Who works at the mills now?

The most iconic mill in Kanpur—Lal Imli—is a shell of its former self. Broken windows reveal rusting machinery inside. Creepers and weeds have taken over sections of the red brick walls. No sounds of spinning machines and workplace chatter come out of the sprawling complex, which is empty save for a handful of security guards and office clerks.

But 67-year-old Rajesh Kumar remembers the hey days of the mill in the 1960s, when his father worked in the tailoring and embroidery department. At the time, Lal Imli was owned and operated by the British India Corporation Limited (BIC)—it was nationalised in 1981 and is now under the Ministry of Textiles.

“During the Indo-China War (1962), my father would bring clothes and blankets back home and work on stitching the buttons under candlelight,” said Kumar, adding that at the time, machines weren’t ubiquitous across the city’s mills.

Growing up in Makrawat Ganj, a nearby colony reserved for the mill’s employees, Kumar recalled how annual functions would be held in the complex. “All the officers would be involved, handing out prizes to the kids. Everything was provided by the company—including footballs and hockey equipment,” he said.

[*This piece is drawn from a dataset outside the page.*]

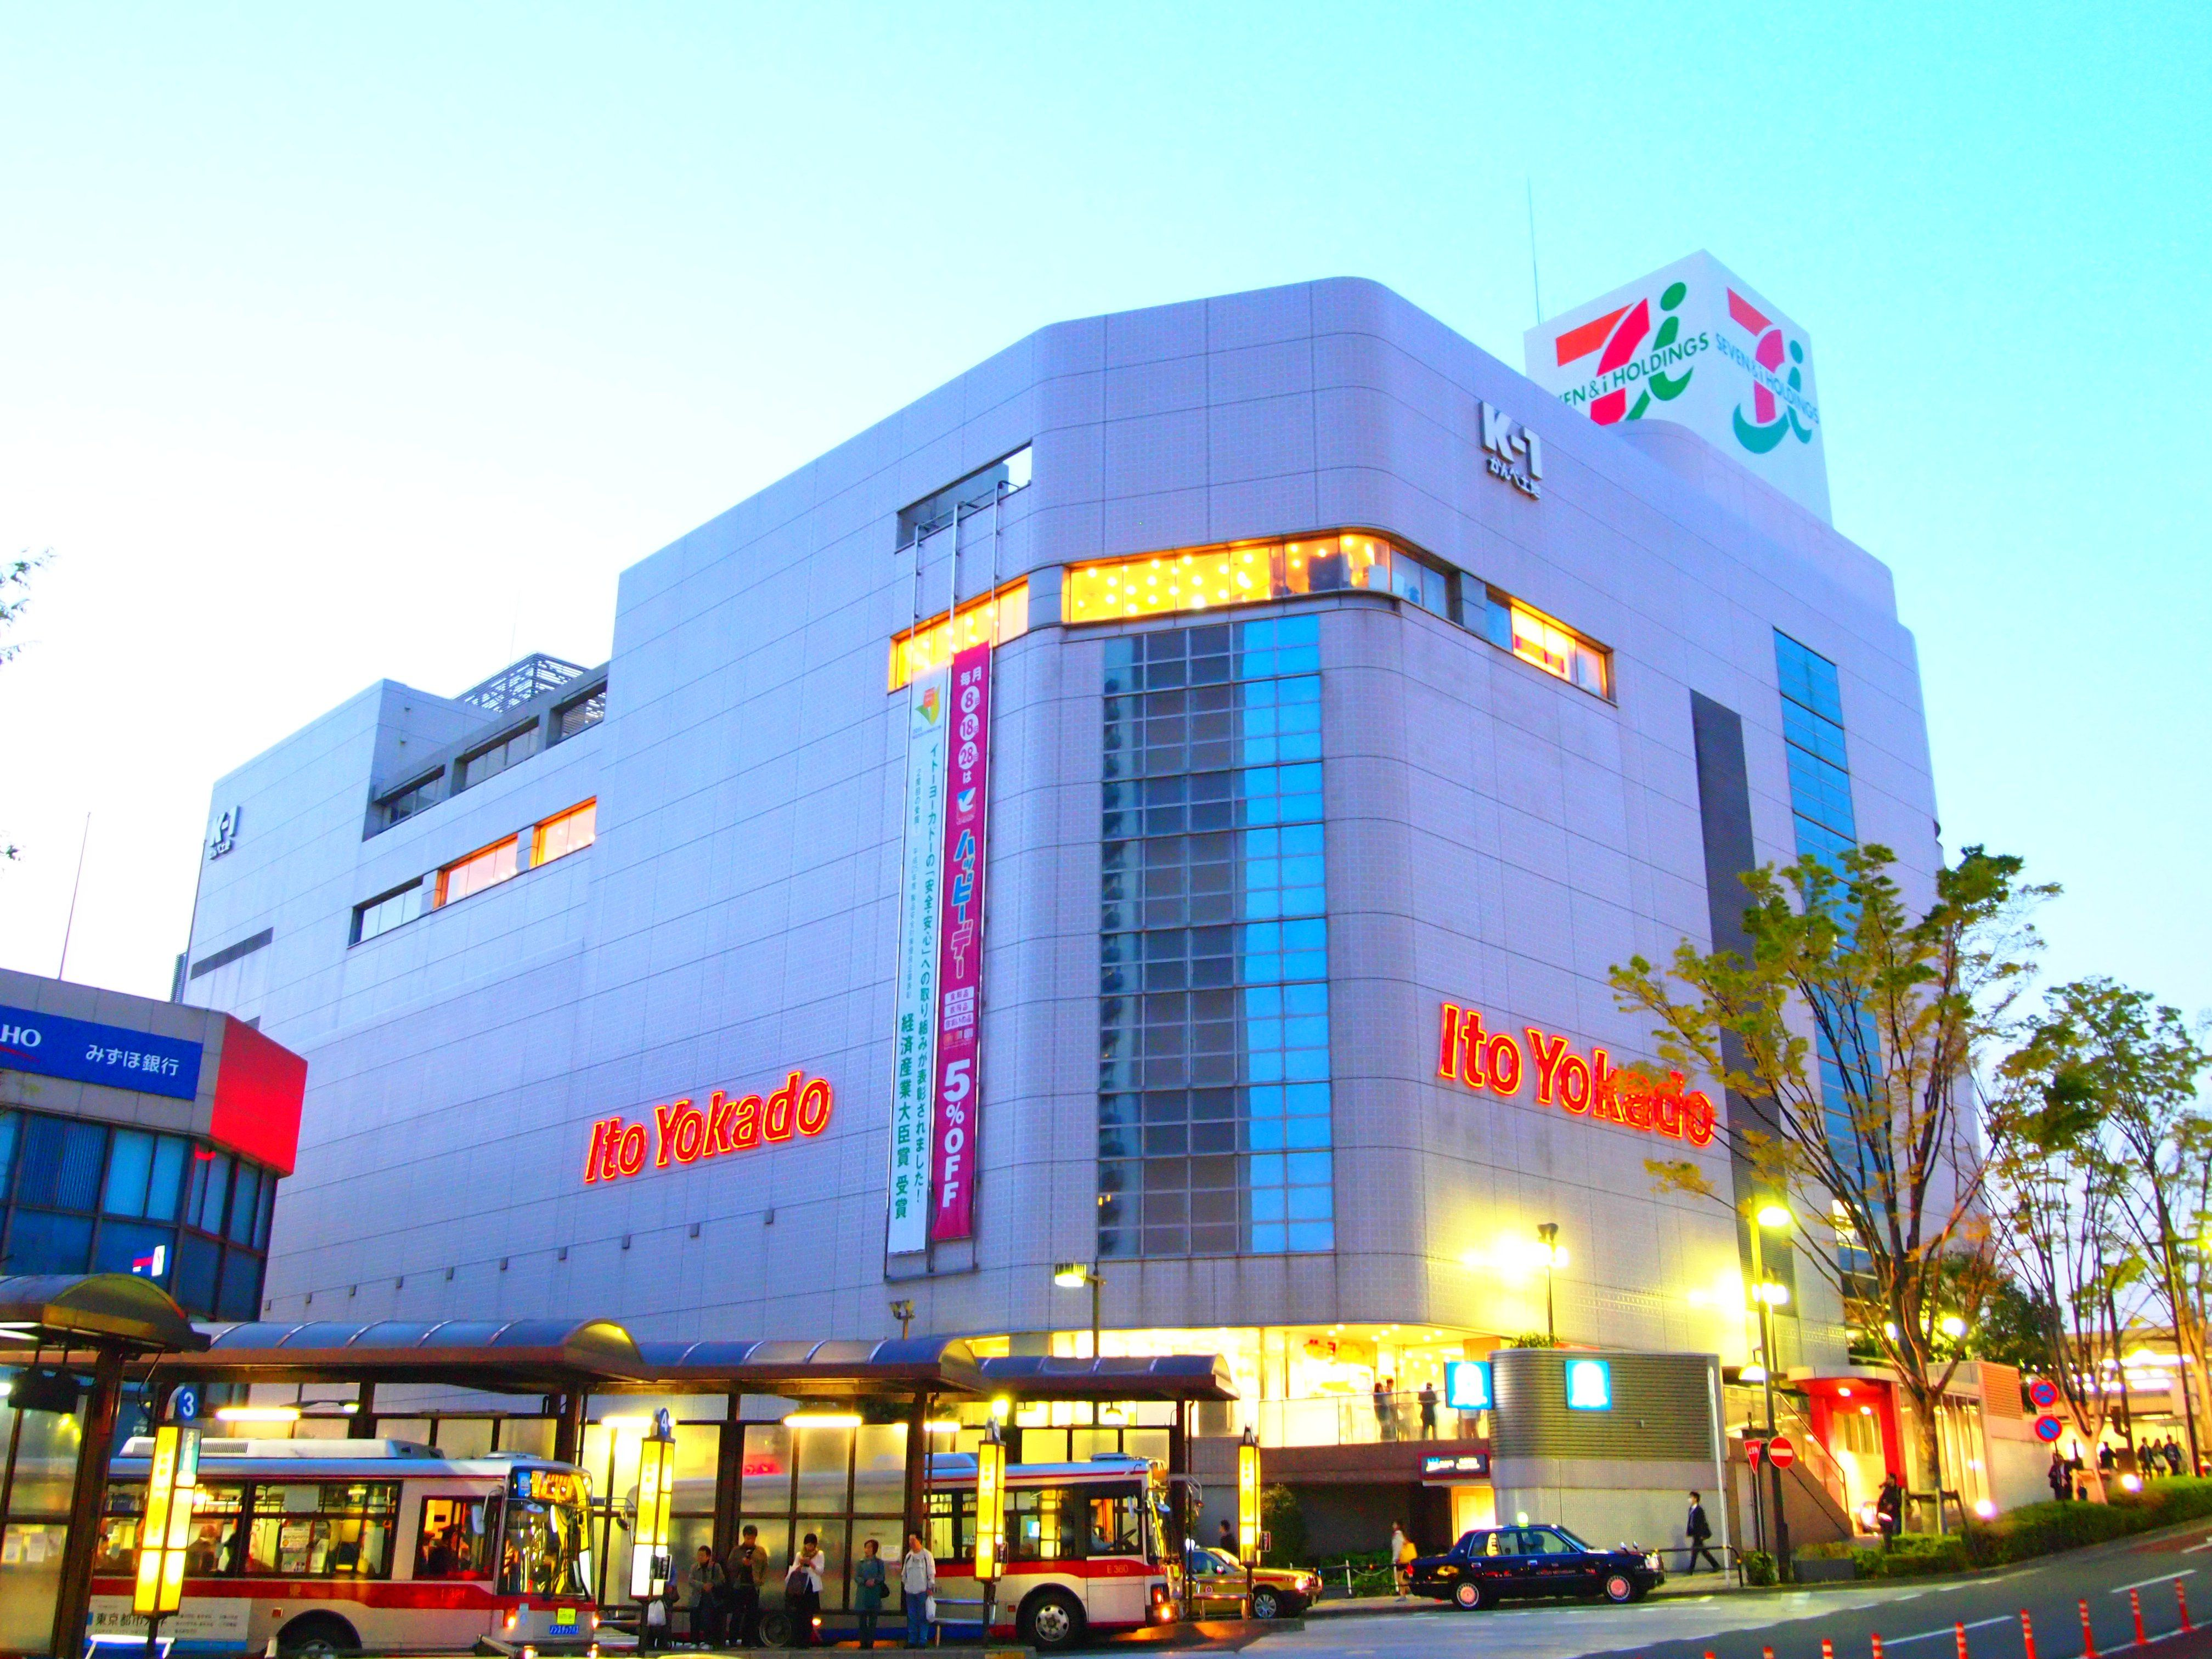 Ito-Yokado to close 40 stores - http://goo.gl/mpoNHg

Kumar, who was educated at the Makrawat Ganj Boys School at the company’s expense, also worked at Lal Imli from 1978 till his retirement in 2018. He worked on the power looms, churning out fabric for suits and coats, earning Rs 250 for every 15 days of work.

“There were around 150 power looms units on the third floor of the factory. When they were all switched on, it felt like the entire ground was shaking beneath us,” said Kumar, dipping into his memories and chuckling at the images he unearthed.

He went on to occupy a number of positions at Lal Imli. In 1994, he was promoted to a clerk where he drew a salary of Rs 3,200 per month. “I handled daily attendance at the mill, then did accounting and inventory at the mill’s shop before being transferred to the head office in 2003,” said Kumar.

His last position was in business development, where he handled inquiries for Lal Imli’s goods from other companies. After his retirement, he continued living in the same colony with his wife. His two sons—one who works at a Kanpur court and another who is involved in Goa’s hospitality sector—didn’t follow in their father’s footsteps.

“They haven’t released our gratuity, so I am not vacating company housing,” said Kumar, in a matter-of-fact tone. But at Lal Imli’s gate, Vivek John—a clerk still employed at the mill—tells a different story.

“Every month, I cut the rent from their gratuity because they are not vacating. For some people, their entire gratuity amount has been cut,” said John, adding that retired workers value their colony housing more than gratuity.

John is part of a skeleton crew at the government-owned mill, required to look after the premises, prevent break-ins and handle any ongoing clerical work. Despite facing several months of salary delays, he comes into work to oversee daily attendance, process salary payments (when funds are released) and handle matters related to retired workers.

He sits outside the mill gates with a few other clerks, sipping tea and talking about the bureaucratic standstill they feel trapped in. Salaries, he said, are released only when local politicians pressure the central government. Since Lal Imli no longer produces anything, staff payments are not treated as urgent.

As he spoke, a mother arrived with her son to the mill compound. She hands over bank statements, retirement letters and a death certificate to the security guard. Her husband had worked at the canteen in Lal Imli for years—she wanted to check if the family could receive any retirement benefits.

“She will get stuck in the whole process, they may never see their money—even if it is actually owed to them,” said John, stretching his legs as he made his way to the office inside the compound. “Just look at us. There was a time we got our salary after 26 months.”